Connect IoT as the Context Provider
#

The value of an SLM at the edge is entirely dependent on the quality of context it receives. A language model does not magically know what is happening on your shopfloor, it reasons over whatever information you provide in its prompt.

Connect IoT is already the system that aggregates that information. The Automation Manager holds in memory the current state of every variable defined across its controllers and drivers. Every tag read from OPC-UA, every message received over MQTT, every value written by a low-code task — all of it is accessible through the internal memory of the running manager.

With this as context:

A natural language query like “What is the spindle doing and should I be concerned?” becomes a reasonable, answerable question.

Low-Code Tasks as the Integration Point
#

One of the strengths of Connect IoT’s low-code model is its extensibility. Automation Controllers are composed of tasks, discrete units of logic that read variables, make decisions, call external services, and write outputs back into the controller state.

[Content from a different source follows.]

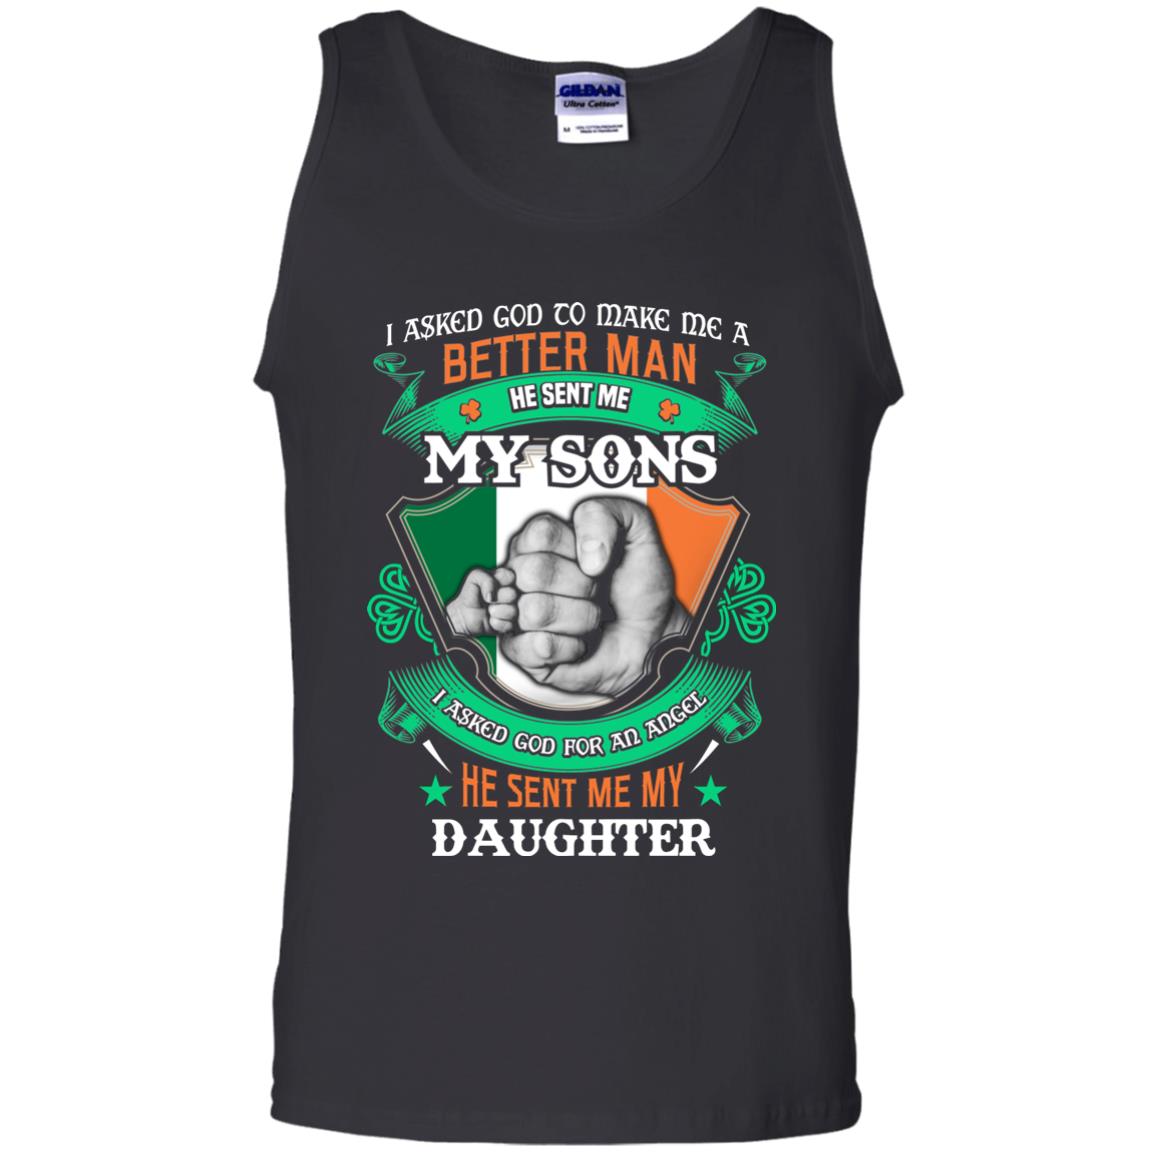 He Sent Me My Sons He Sent Me My Daughter Saint Patrick's Day Shirt For DadG220 Gildan 100% Cotton Tank Top

This extensibility is what makes SLM integration natural. We can implement a custom task that:

Reads variables from the controller’s current state
Serializes that state into a structured context payload
Passes a user query and that context to a locally running SLM
Returns the model’s response as a task output or controller variable

From the low-code editor’s perspective, this is just another task with an input and an output. The complexity of local model inference is encapsulated behind a clean API.

The model is not replacing the low-code logic — it is augmenting the operator’s ability to interact with it.

We are able with the low code integration and some metadata, to leverage what the MES provides out of the box to create a quick implementation where we can chat with our on edge integration.